Москвичи и “гости столицы” бегали смотреть этот цирк. Выдающиеся умы обращались в правительство, требуя создать здесь, вокруг этих изрисованных стен и заплеванных ступеней, “булгаковский центр”, но главное, конечно, “булгаковский фонд”. “Фонд” – это звучало особенно заманчиво. Слабо протестовал Виталий Яковлевич Виленкин, когда-то завлит МХАТа, один из немногих, еще помнивших живого Булгакова. “Нечто абсолютно антибулгаковское, – писал он, – называют ”народной тропой”!.. Я представляю себе, как бы этот человек, который любил писать при свечах и канделябрах, простой ручкой и чернилами в обыкновенных школьных тетрадях, человек, не терпевший никакой суеты, никакого вторжения ”улицы” в свой писательский мир, как бы он протестовал против подобного…”3. Но Виленкина, конечно, никто не слушал.

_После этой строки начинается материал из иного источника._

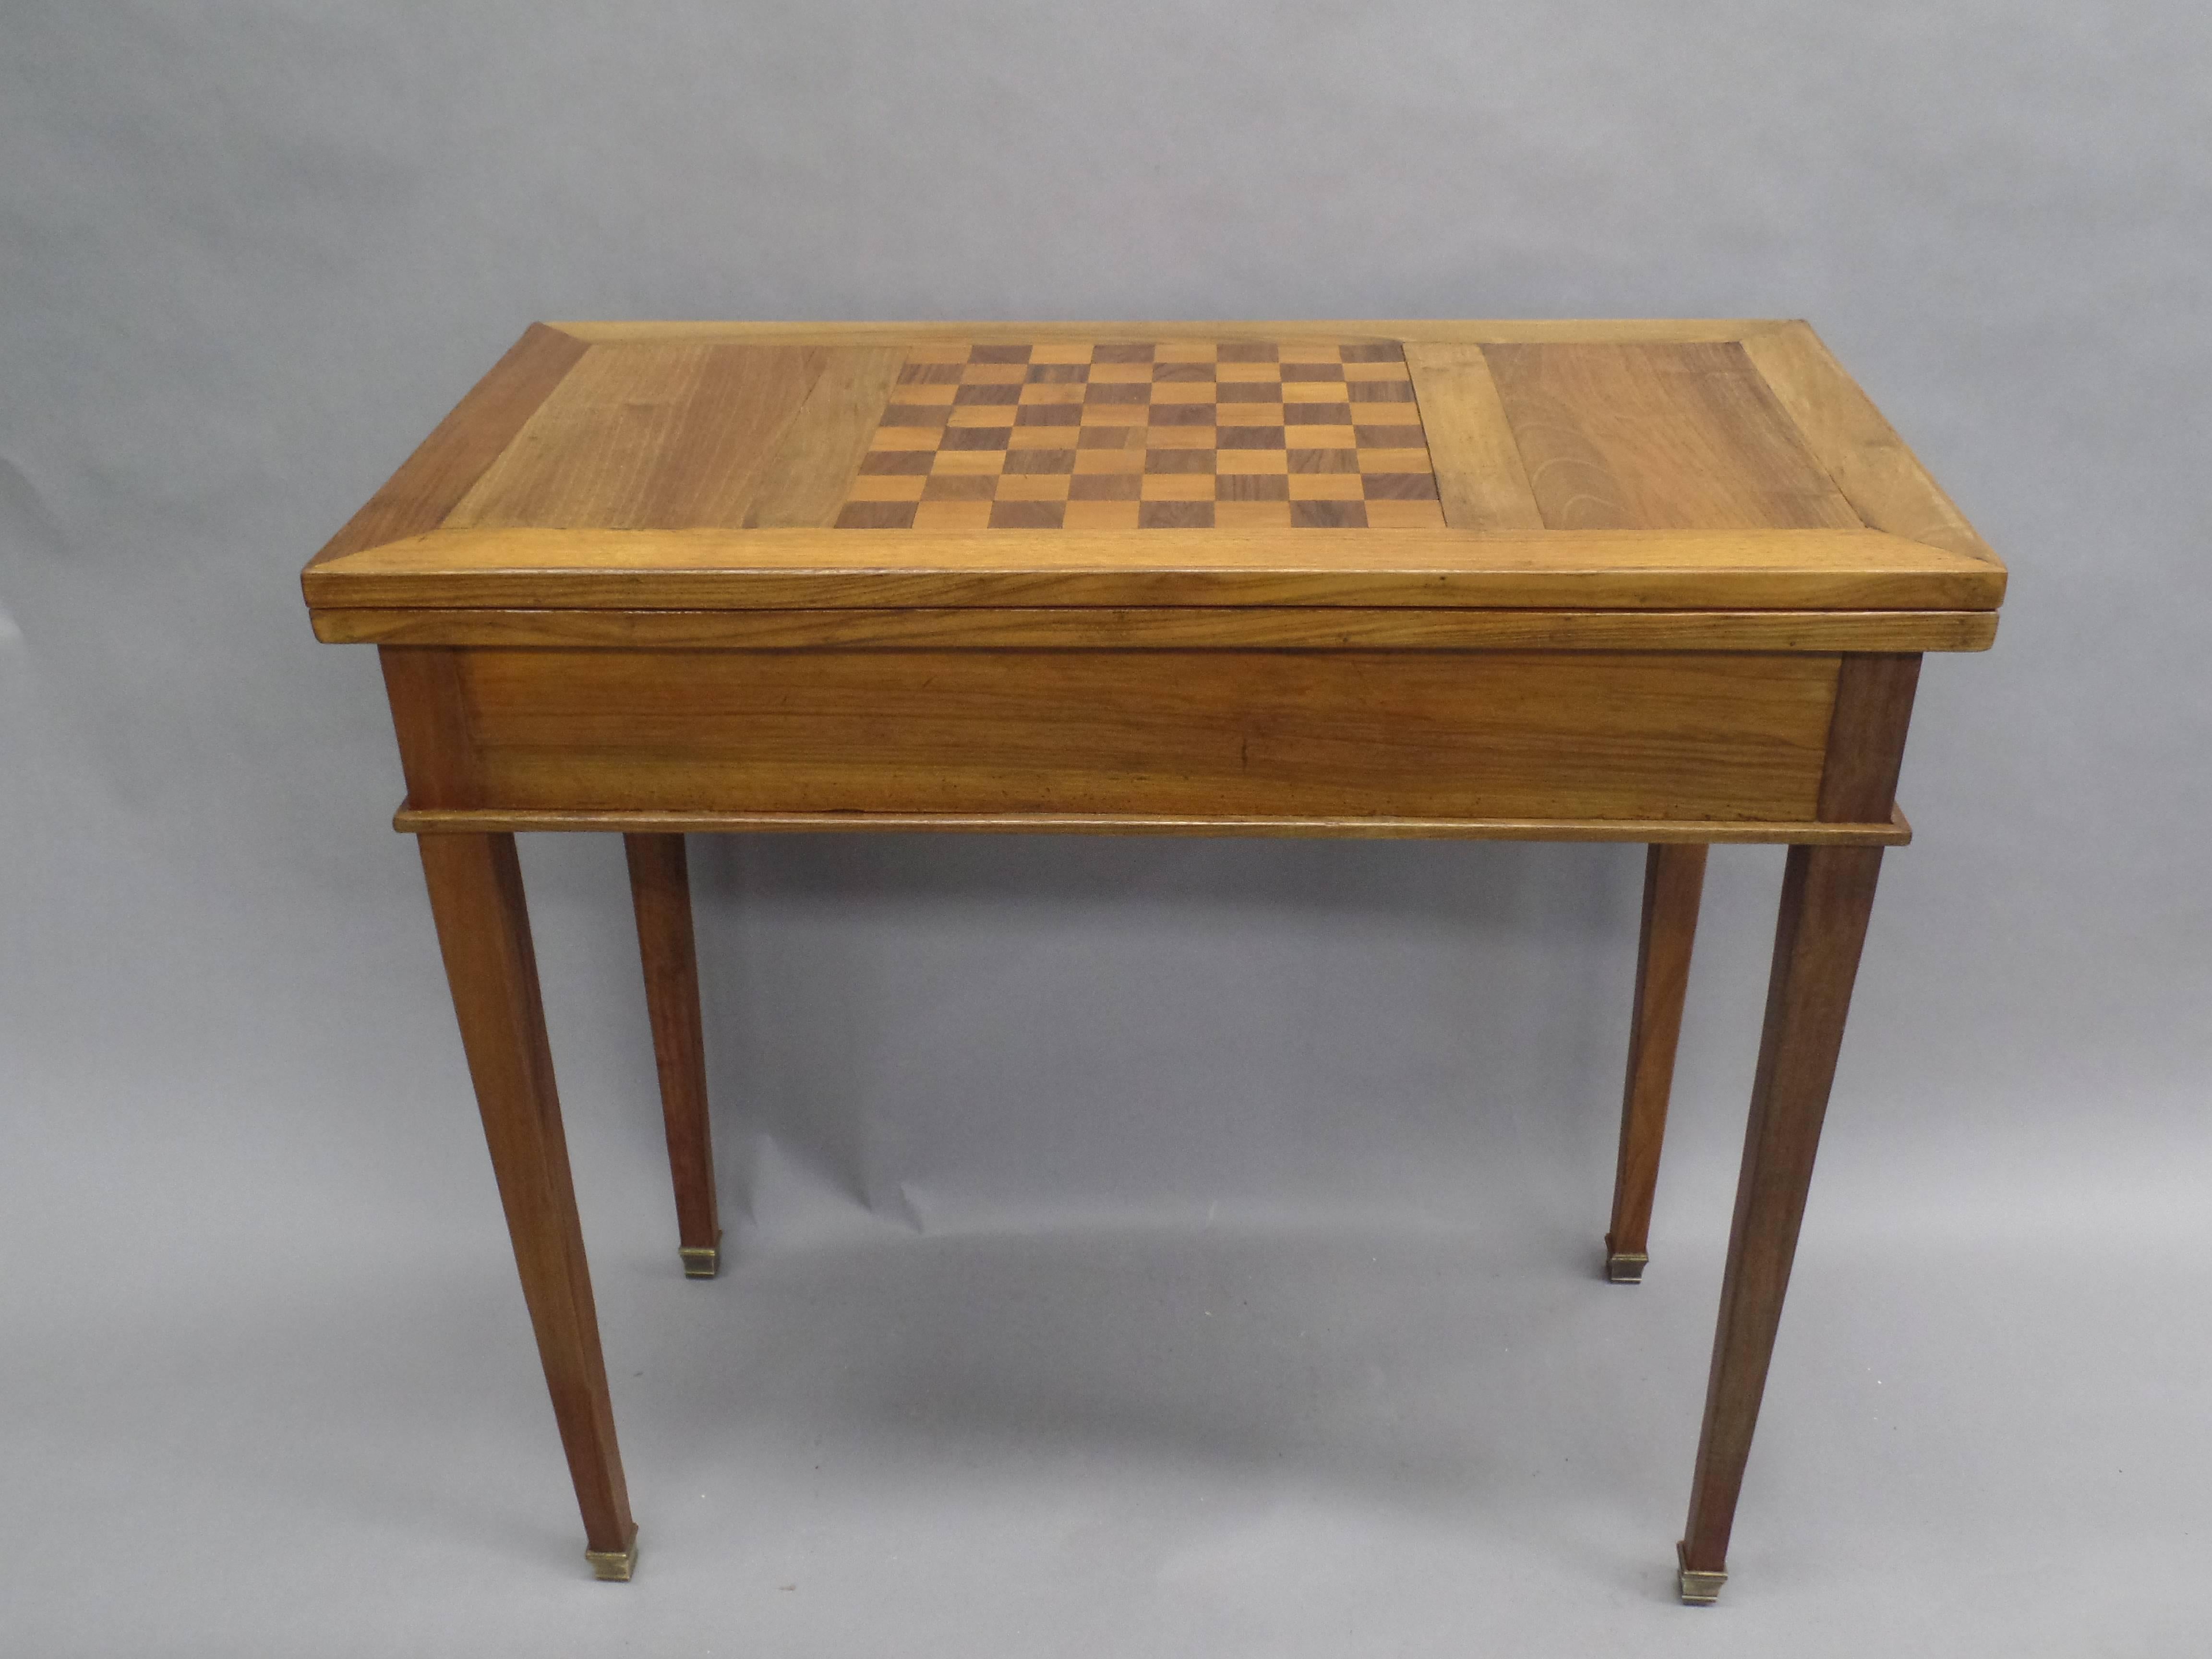 A distinguished French  Mid-Century Modern Neoclassical table in the Style of Louis XVI by Maison Jansen from the Midcentury featuring a parquetry top made for chess and flip top made for playing cards. Tapered legs with bronze sabots extend to
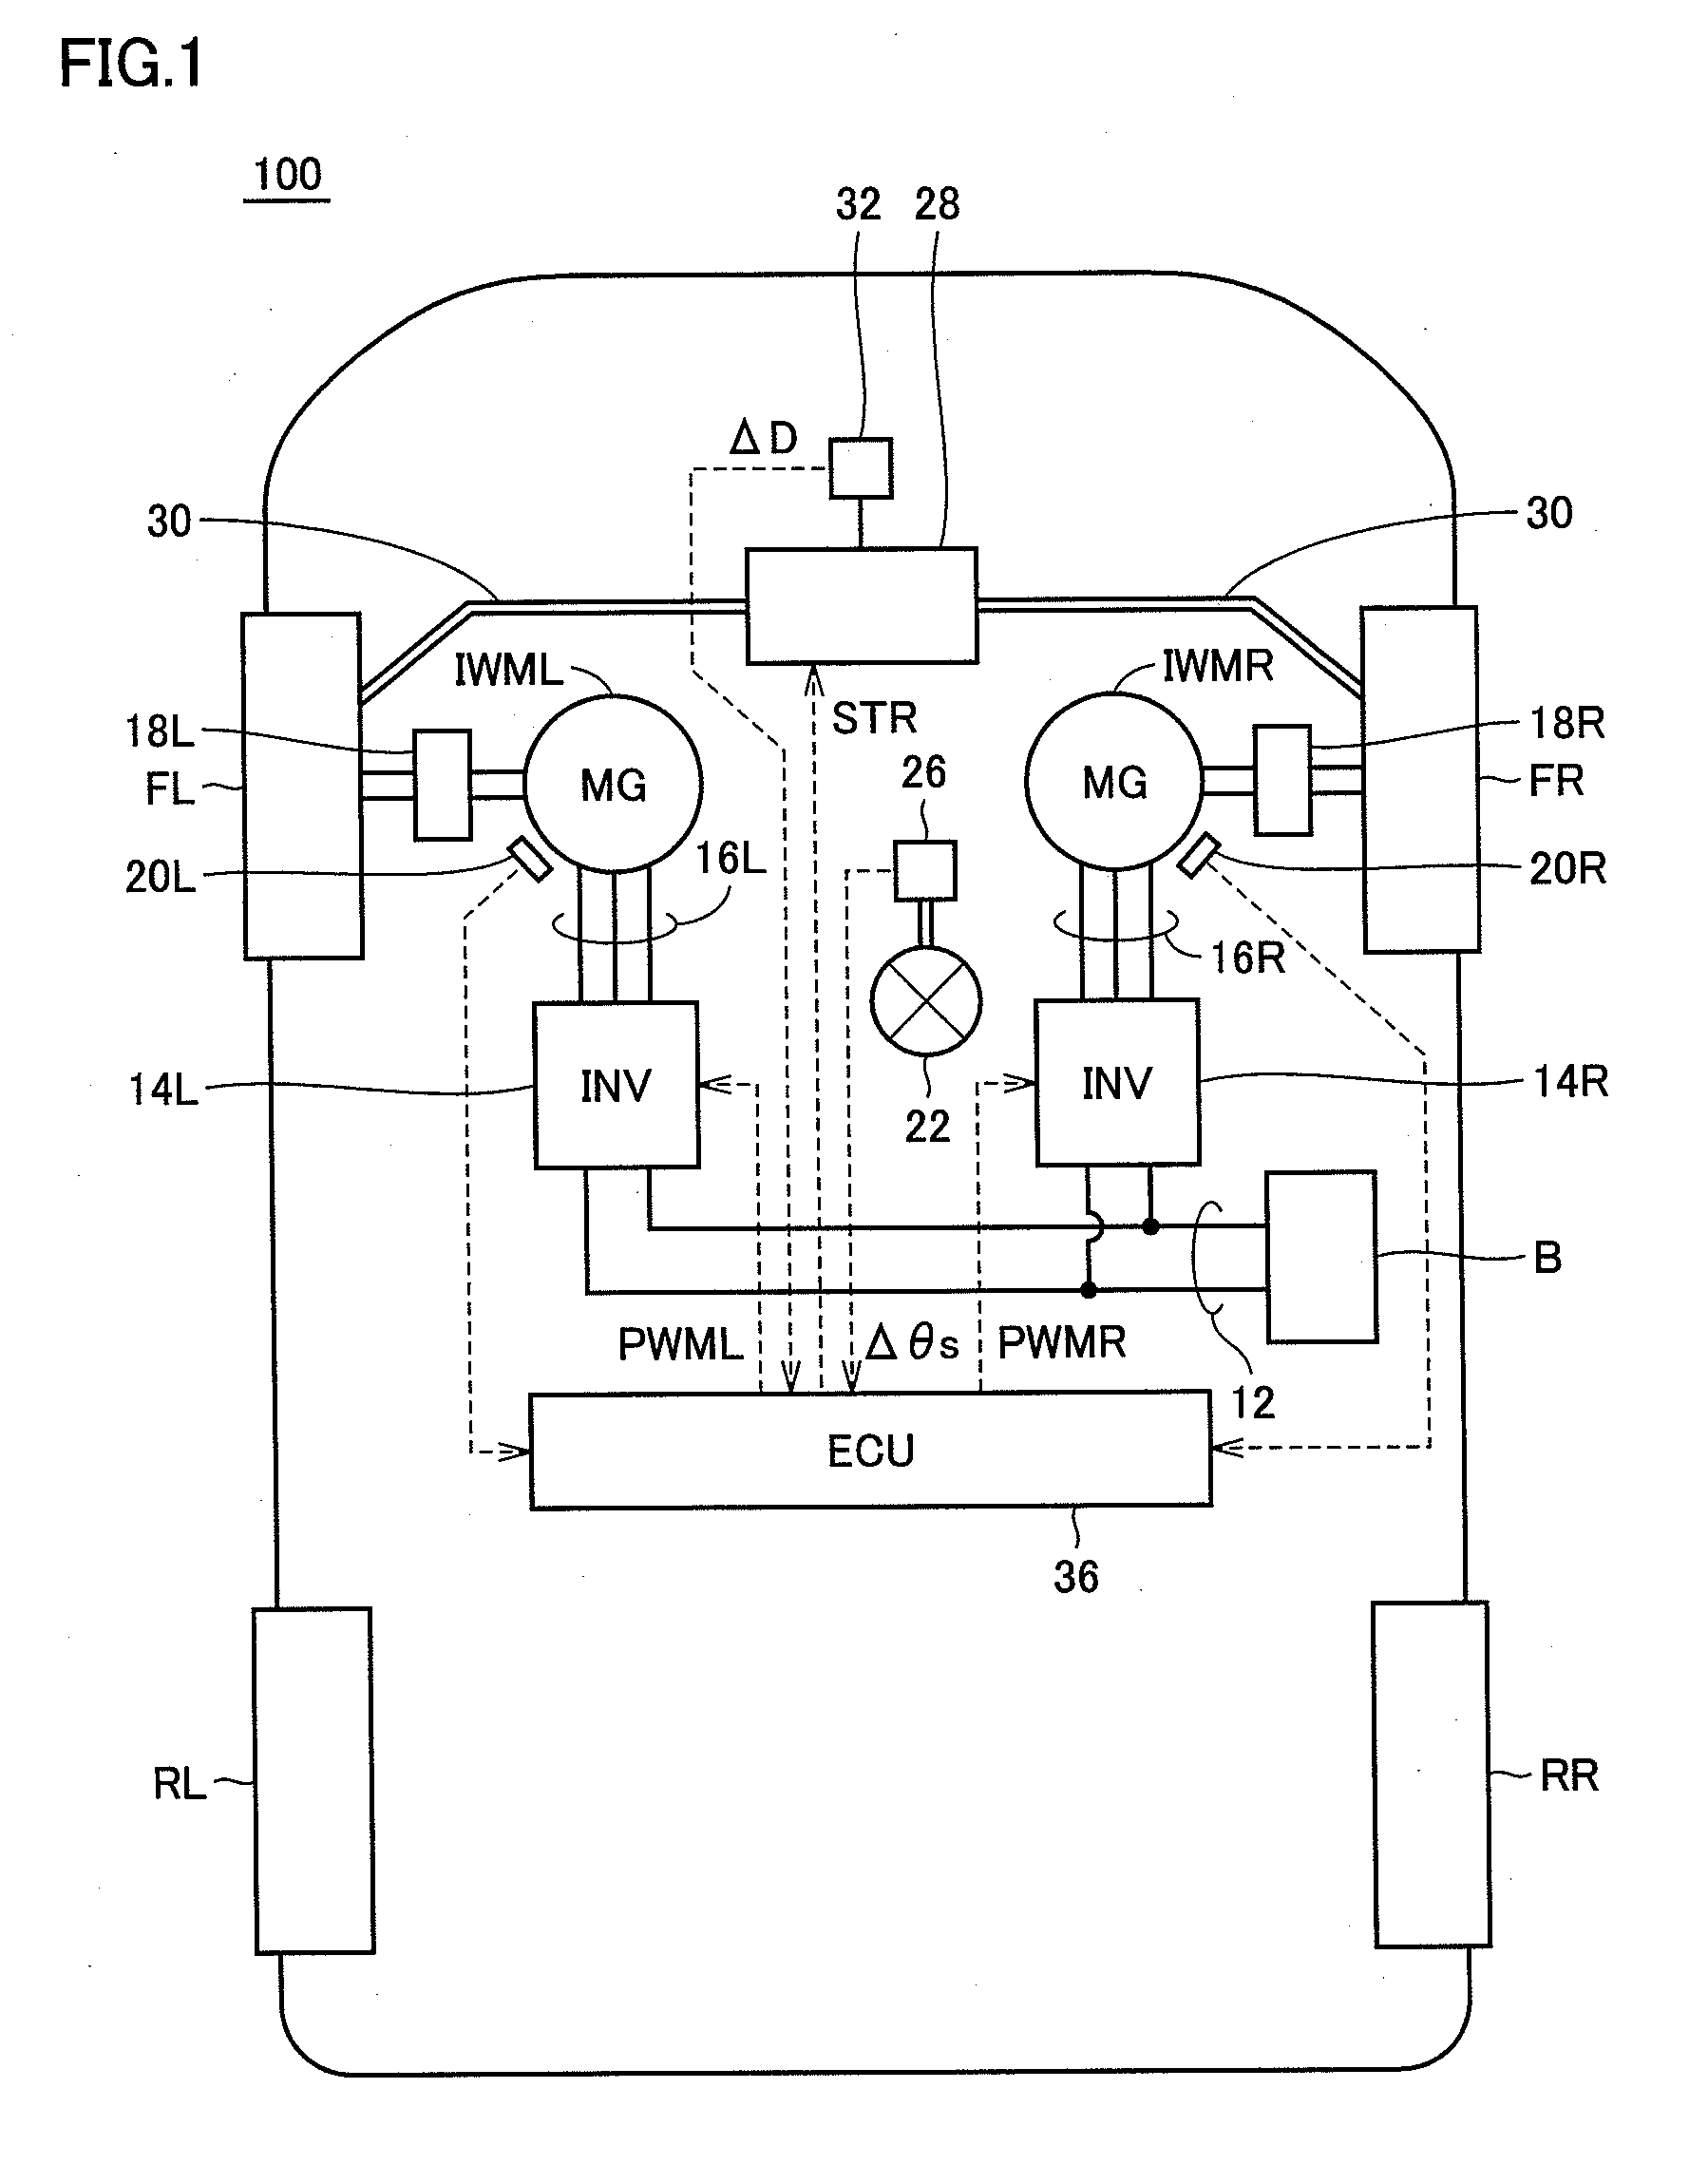 Steering control device and electrically powered vehicle

По Москве пошли самодеятельные экскурсии. На одной из таких экскурсий, и именно в доме по Большой Садовой, где-то на рубеже 70-х и 80-х годов я побывала.
Это была замечательная экскурсия. Некто, еще вчера называвший себя инженером-химиком (“Много вас тут химиков во фронтовой полосе”, – навязчиво и ни к селу ни к городу бухала в голове фраза из “Бега”), теперь водил доверчиво теснящихся москвичей вверх и вниз по узким лестничным маршам, не слишком точно пересказывая строки романа. Вот здесь, показывал он, из этой двери (видите – № 50) Азазелло выставил на площадку дядю Берлиоза… А этажом ниже (вот и номер – 48) выглядывала со своим бидоном “чума” Аннушка… Там, еще ниже, на третьем этаже, раскашлявшаяся Маргарита спугнула сидевшего на деревянном диванчике человека в кепке… А совсем внизу, у входа, сохранилась в полной неприкосновенности каморка с выбитым стеклом – бывшая швейцарская, – в которой Поплавский, сидя на каком-то обрубке, ожидал, что же будет с буфетчиком, направлявшимся в квартиру 50…
Экскурсанты зачарованно слушали. Вчерашний инженер поворачивал свою послушную паству лицом к двери, когда говорил об окне, в которое высунулась Аннушка, и лицом к свету окна, когда толковал о диванчиках на темных площадках. О швейцар-ской, расположенной внизу, у входа, он повествовал исключительно на самом верхнем этаже, и когда переполненные впечатлениями слушатели спускались на первый, они уже не смотрели по сторонам и не замечали, что никакой швейцарской здесь нет, и никогда не было, и не могло быть, поскольку вход в этот подъезд беден и узок, небольшое пространство, в которое вы попадали со двора, нельзя было даже назвать вестибюлем и швейцара тут не предполагалось.
Да, решительно ничего из рассказанного не могло бы произойти здесь.
Правда, Азазелло в романе вывел дядю Берлиоза на площадку лестницы именно из квартиры под номером 50. Но далее он “открыл чемодан, вынул из него громадную жареную курицу без одной ноги… Затем вытащил две пары белья, бритвенный ремень, какую-то книжку и футляр и все это спихнул ногой в пролет лестницы… Туда же полетел и опустевший чемодан. Слышно было, как он грохнулся внизу, и, судя по звуку, от него отлетела крышка”.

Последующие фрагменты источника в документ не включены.